INFORMATION SUPPLIED:
┌──

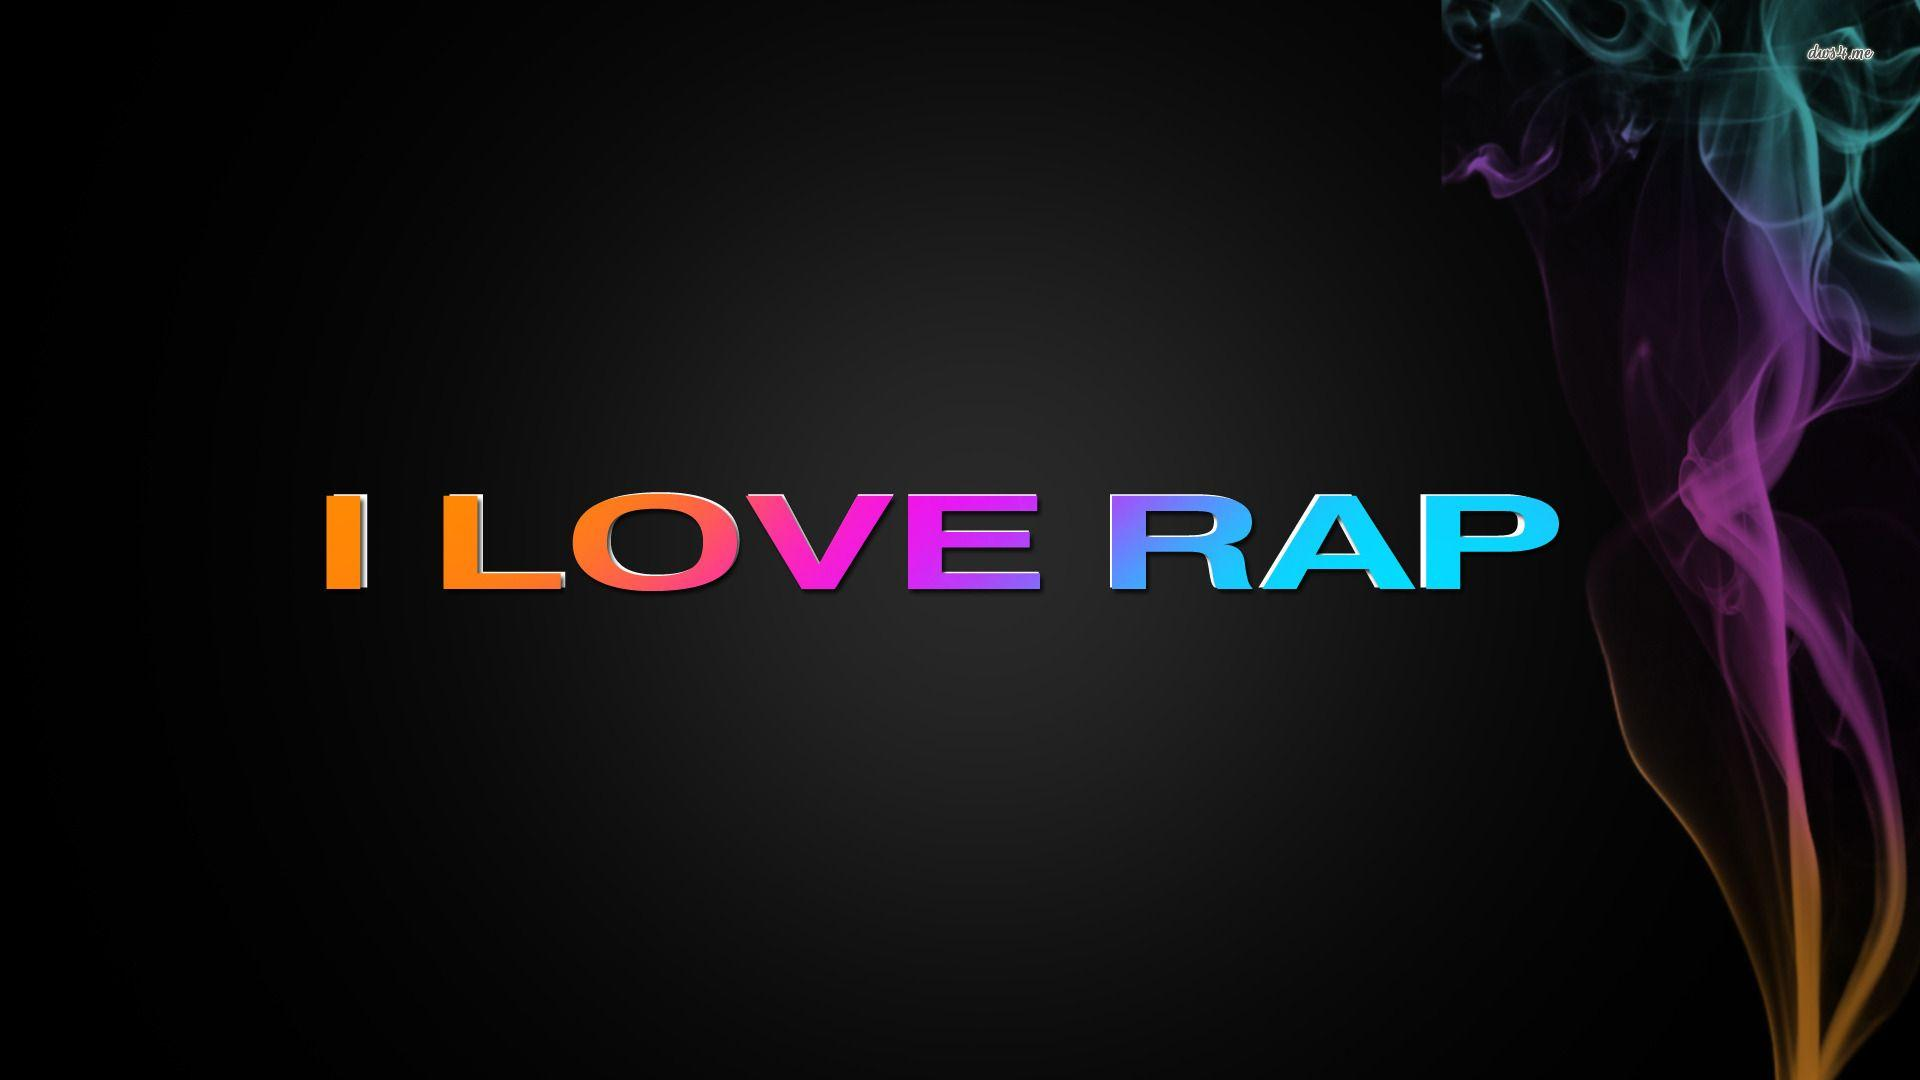 rap music wallpaper - photo #2
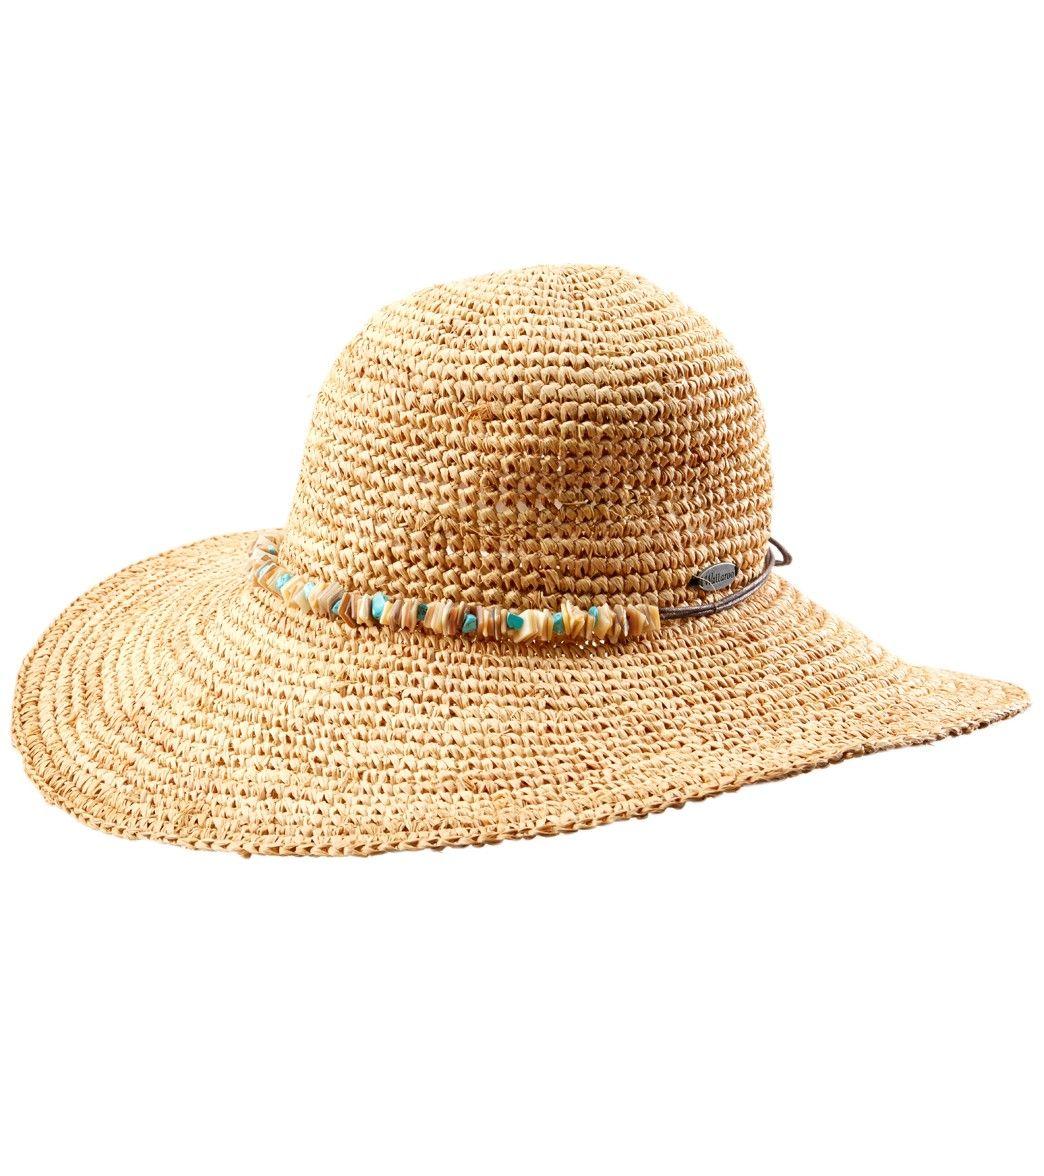 2947a07bc40da Wallaroo Women's Sabrina Sun Hat | Flip Flops, Accessories & Other ...
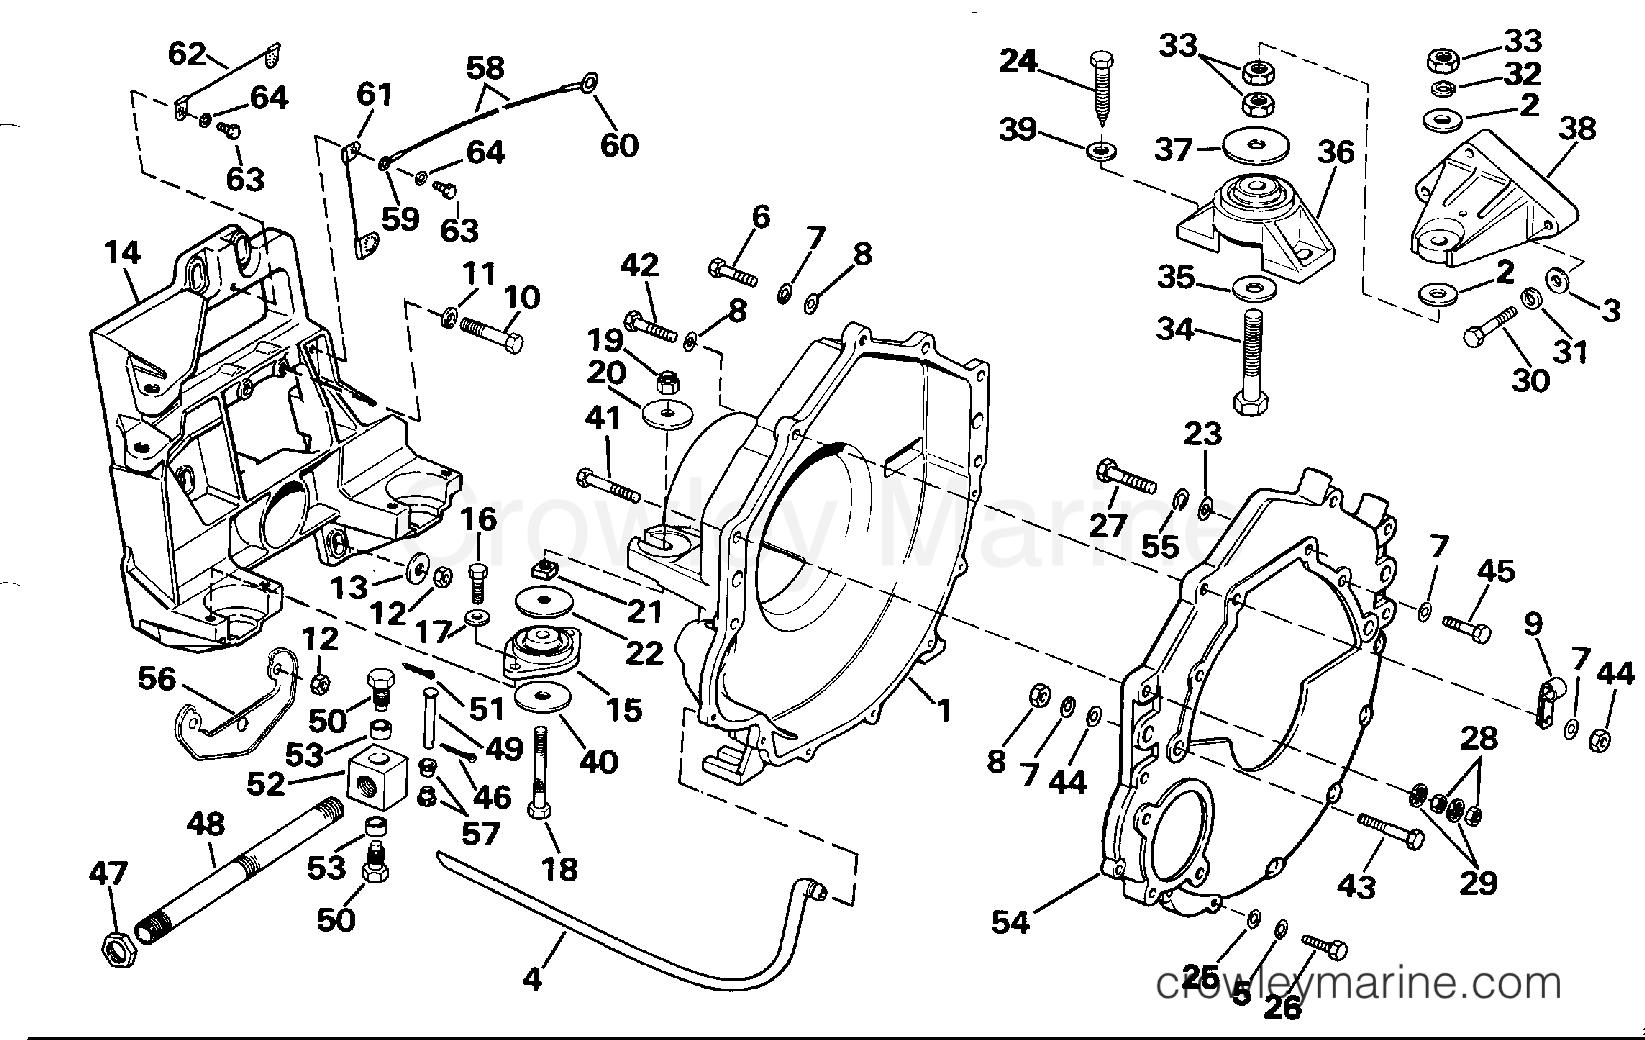 1990 OMC Stern Drive 2.3 - 232BMRPWS TRANSOM PLATE, FLYWHEEL HOUSING & MOUNTS section

└──

EXERCISE INSTRUCTIONS:
Retype all of the listing word for word and skip the pictures.

TASK OUTPUT:
 rap music wallpaper - photo #2
 2947a07bc40da Wallaroo Women's Sabrina Sun Hat | Flip Flops, Accessories & Other ...
 1990 OMC Stern Drive 2.3 - 232BMRPWS TRANSOM PLATE, FLYWHEEL HOUSING & MOUNTS section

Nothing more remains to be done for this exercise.